Senior Director, Site Reliability Engineering

Zscaler•San Jose, CA

4h•$231,000 - $330,000•Hybrid

About The Position

Zscaler accelerates digital transformation to ensure our customers can be more agile, efficient, resilient, and secure. As an AI-forward enterprise, we are constantly pushing the envelope, leveraging the world’s largest security data lake to power our cloud-native Zero Trust Exchange platform. This innovation protects our customers from cyberattacks and data loss by securely connecting users, devices, and applications in any location. Here, impact in your role matters more than title and trust is built on results. We say, impact over activity. We seek innovators who actively use AI to amplify their impact and who thrive in an environment where we leverage intelligent systems to stay ahead of evolving threats. We believe in transparency and value constructive, honest debate—we’re focused on getting to the best ideas, faster. We build high-performing teams that can make an impact quickly and with high quality. To do this, we are building a culture of execution centered on customer obsession, collaboration, ownership, and accountability. We value high-impact, high-accountability with a sense of urgency where you’re enabled to do your best work and embrace your potential. If you’re driven by purpose, thrive on solving complex challenges, and want to be part of the team that’s helping to secure the AI age, we invite you to bring your talents to Zscaler and help shape the future of cybersecurity. We are looking for a Senior Director, Production Engineering to join our team. This role is available as a hybrid opportunity 3 days a week in San Jose, CA or as a remote position, reporting to VP, Engineering in the Cloud Infrastructure & Operations department. Join Zscaler to set the strategic direction and lead the organization responsible for the reliability and operational excellence of our global platform protecting over 15 million users. In this role, you will define the long-term technical vision and operational strategy, leading high-priority investments to drive an "automation-first" culture and architect reliability into our next generation of products.
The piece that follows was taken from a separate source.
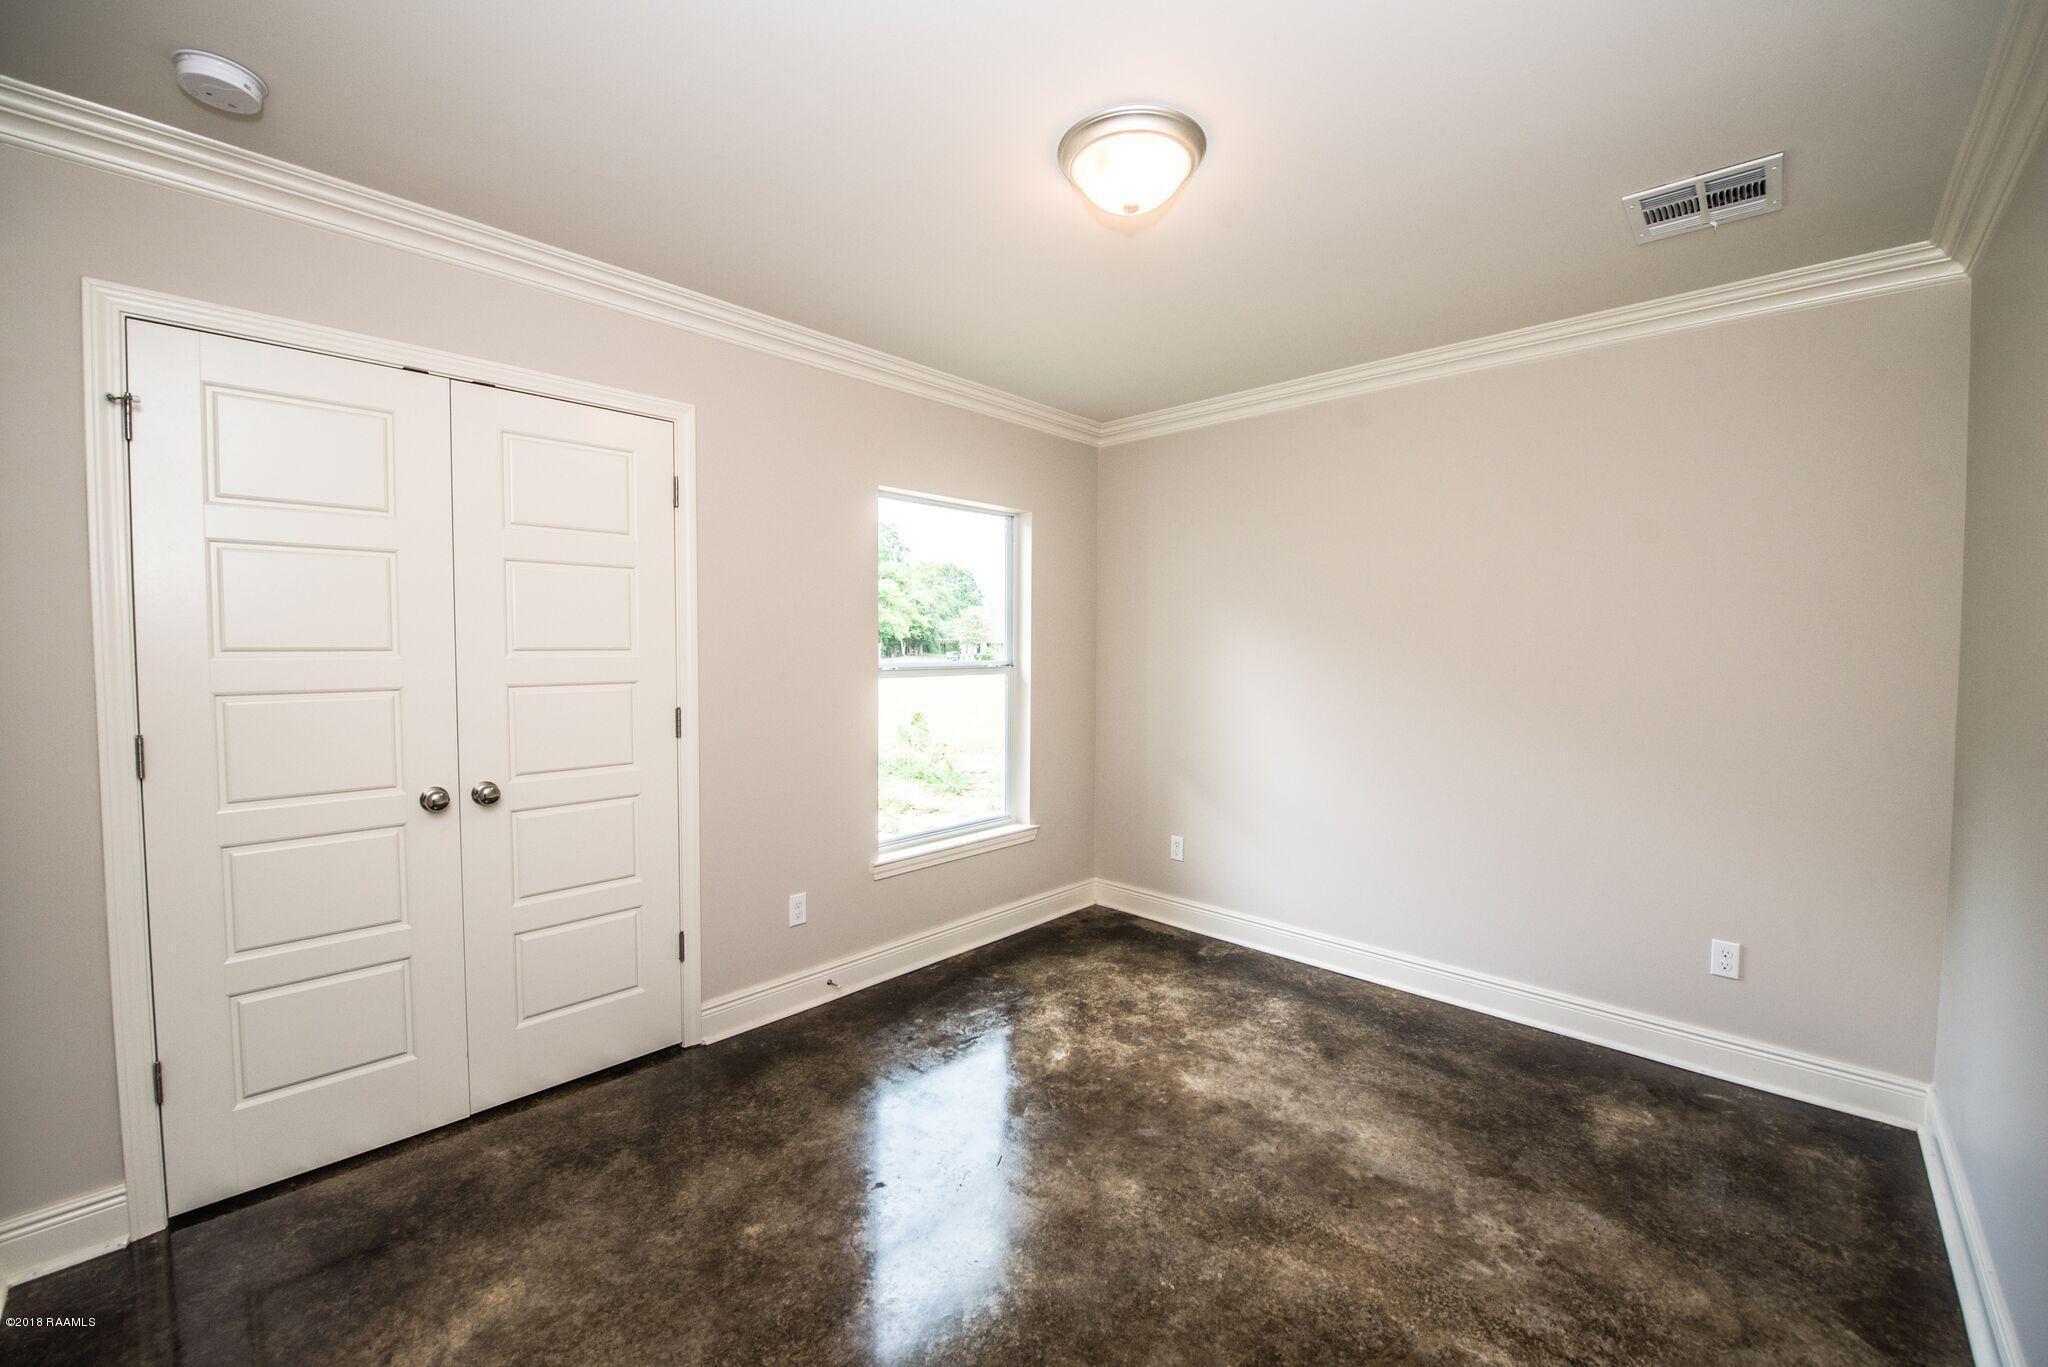 228 Stoneburg, Duson, LA 70529 (MLS# 17012461) - Guidry & Company ...

You will mature observability standards and define company-wide SLIs/SLOs, acting as the executive owner for programs aligned to achieve availability goals and ensuring the scalability and resilience of our globally distributed, multi-cloud infrastructure.

Requirements

18+ years of relevant experience, including a minimum of 10+ years leading large-scale engineering or SRE organizations delivering mission-critical, production-grade systems.
Deep technical mastery and strategic understanding of distributed architecture, high-scale networking protocols, Linux systems, and multi-cloud environments (AWS, Azure, GCP).
Proven experience setting and executing an operational strategy across multiple departments, with a track record of significantly improving platform availability, performance, and MTTM.
Exceptional executive-level cross-functional leadership and communication skills, with demonstrated ability to influence product roadmaps and engineering culture across a global organization.
Strong production ownership experience: defining and meeting SLOs/SLIs, driving continuous reliability improvements, and managing high-stakes incident response programs.

Nice To Haves

Cloud Migration & Infrastructure-as-Code: Proven track record of successfully migrating large, complex systems to cloud-native architectures while leveraging IaC (Ansible, Terraform) at an enterprise scale to manage global infrastructure
Global Networking & L7 Proxy Architectures: Expertise in global routing (BGP, OSPF) and high-performance L7 proxy architectures (HAProxy, Envoy) within high-volume, multi-tenant environments
Resilience & Disaster Recovery: Deep experience with large-scale chaos engineering, resilience testing, and comprehensive disaster recovery planning

Responsibilities

Define the multi-year technical strategy and roadmap for Production Engineering, focusing on platform architecture, automation, and operational standards across AWS, Azure, GCP, and bare-metal environments.
Lead, mentor, and grow a high-performing SRE organization, including hiring and developing leaders (e.g., Directors and Principal SREs), and championing a culture of execution, accountability, and continuous improvement.
Drive the "AI-first" (and “automation-first”) mandate at an organizational level, sponsoring large-scale engineering initiatives to eliminate systemic toil and build advanced self-healing capabilities.
Establish and enforce enterprise-wide standards for observability (Prometheus, Grafana, OpenTelemetry), SLIs/SLOs, and error budget discipline across all engineering teams.
Serve as the executive owner for Service Health Reviews, partnering closely with Product, Security, and Engineering leadership to align priorities, manage critical dependencies, and drive company-wide maturity in post-incident analysis, systematic problem management, and the reliability of mission-critical customer-facing systems.